The more effective approach we adopted involved placing a layer above the drainage layer where the same bacteria cleaned up the leachate, reducing the potential for clogging in the drainage layer while locking up contaminates like heavy metals and still allowing adequate drainage. Thus, the bacteria ceased to be our bio-enemy and became a bio-friend.


Installing liners at Queen's site
Dr.
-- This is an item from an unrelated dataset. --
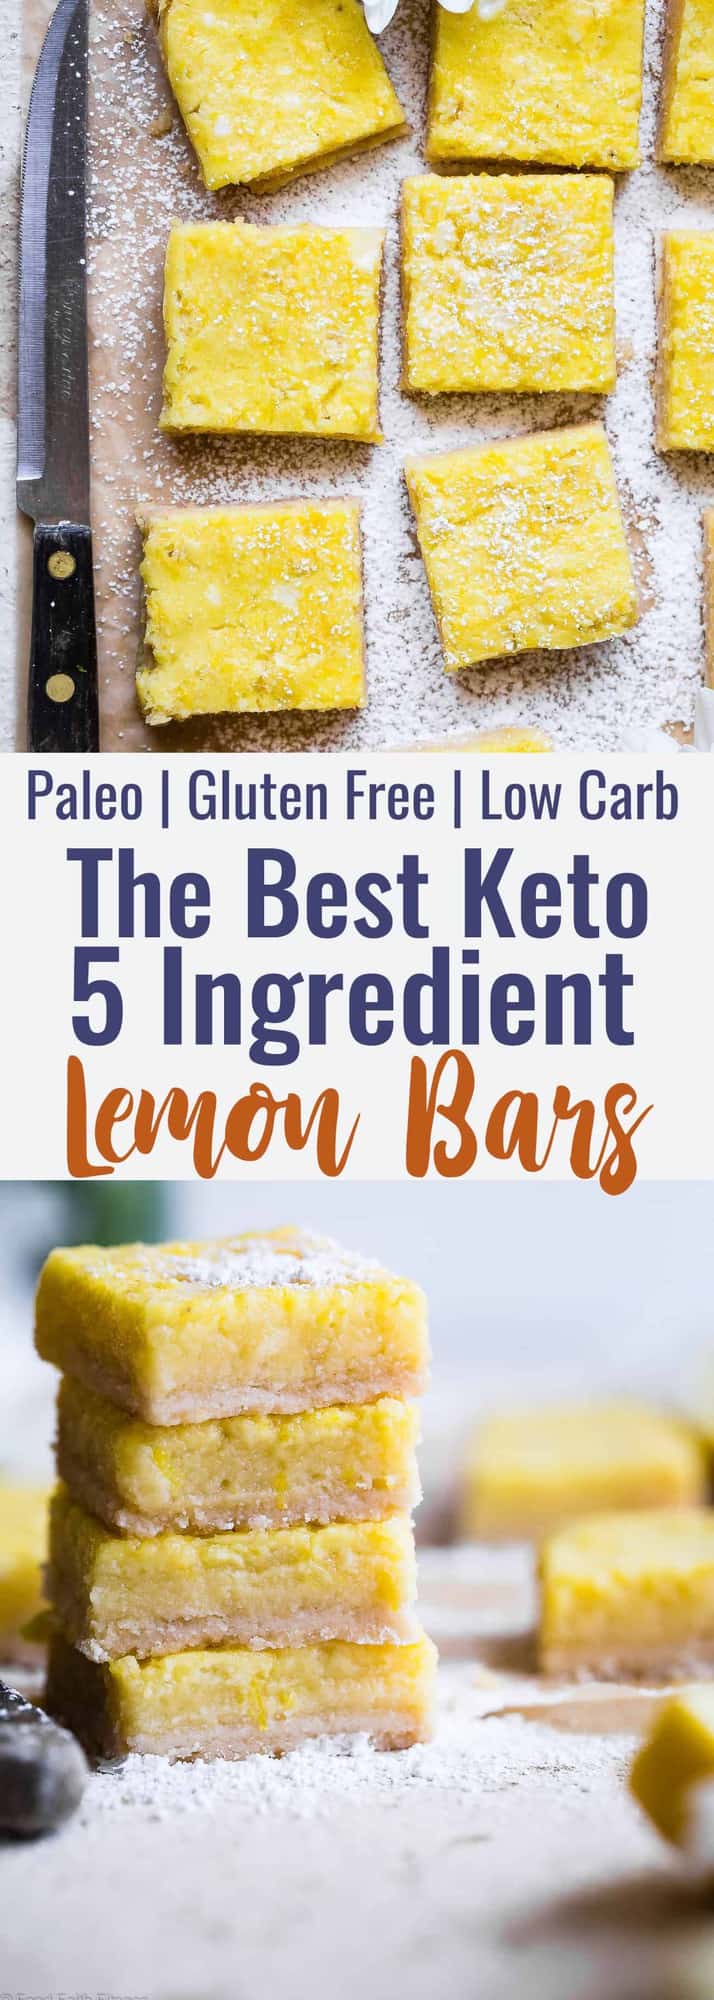 Keto Lemon Bars - These easy, gluten free lemon bars are only 5 ingredients and SO delicious! You will never believe they are only 100 calories, low carb and sugar free! | #Foodfaithfitness | #Glutenfree #Lowcarb #keto #sugarfree #healthy

Rowe's team works on installing a liner at the Queen's University Environmental Liner Test Site in Godfrey, Ontario.


What do you think will be the next obstacle in maintaining the safety and success of our landfills?

For landfills, the major challenge of the next decade, or more, will be managing perfluoroalkyl and polyfluoroalkyl substances (PFAS). These are human-made chemicals that have become ubiquitous in our daily lives over the last 60 years and are in numerous items, from food packaging to beauty products, to carpets and numerous other products, that find a way into landfills and result in concentrations in leachate at levels 100 to 1000 times what is considered acceptable in drinking water. They are sometimes called “forever chemicals” since they do not readily breakdown in a landfill.

There are numerous implications both for existing and future landfills, such as how they affect the service life of the engineered system. Looking beyond landfills, the movement to green energy has many unintended consequences that have not received adequate consideration. Along with climate change and its implications for all forms of waste management, these challenges will keep us busy for the next decade or more.


You’ve been recognized during your career with 130 awards and honours, including being made an Officer of the Order of Canada and a Fellow of the Royal Society (UK). You’ve also trained 157 graduate students. What advice do you give your students looking to make an impact with their research?

My advice is to focus their research on solving important questions that address problems that are now, or in the future, likely to impact society. This does not mean solving today's problem tomorrow. My key contributions have each taken a couple of decades to do the fundamental research behind the practical solution to a problem that impacts society. My point here is that there is too much tendency to want immediate results. Breaking new ground in research always requires patience.


Kerry Rowe with grad students
Dr. Kerry Rowe with graduate students Farhana Jabin and Jiying Fan in his lab in Ellis Hall.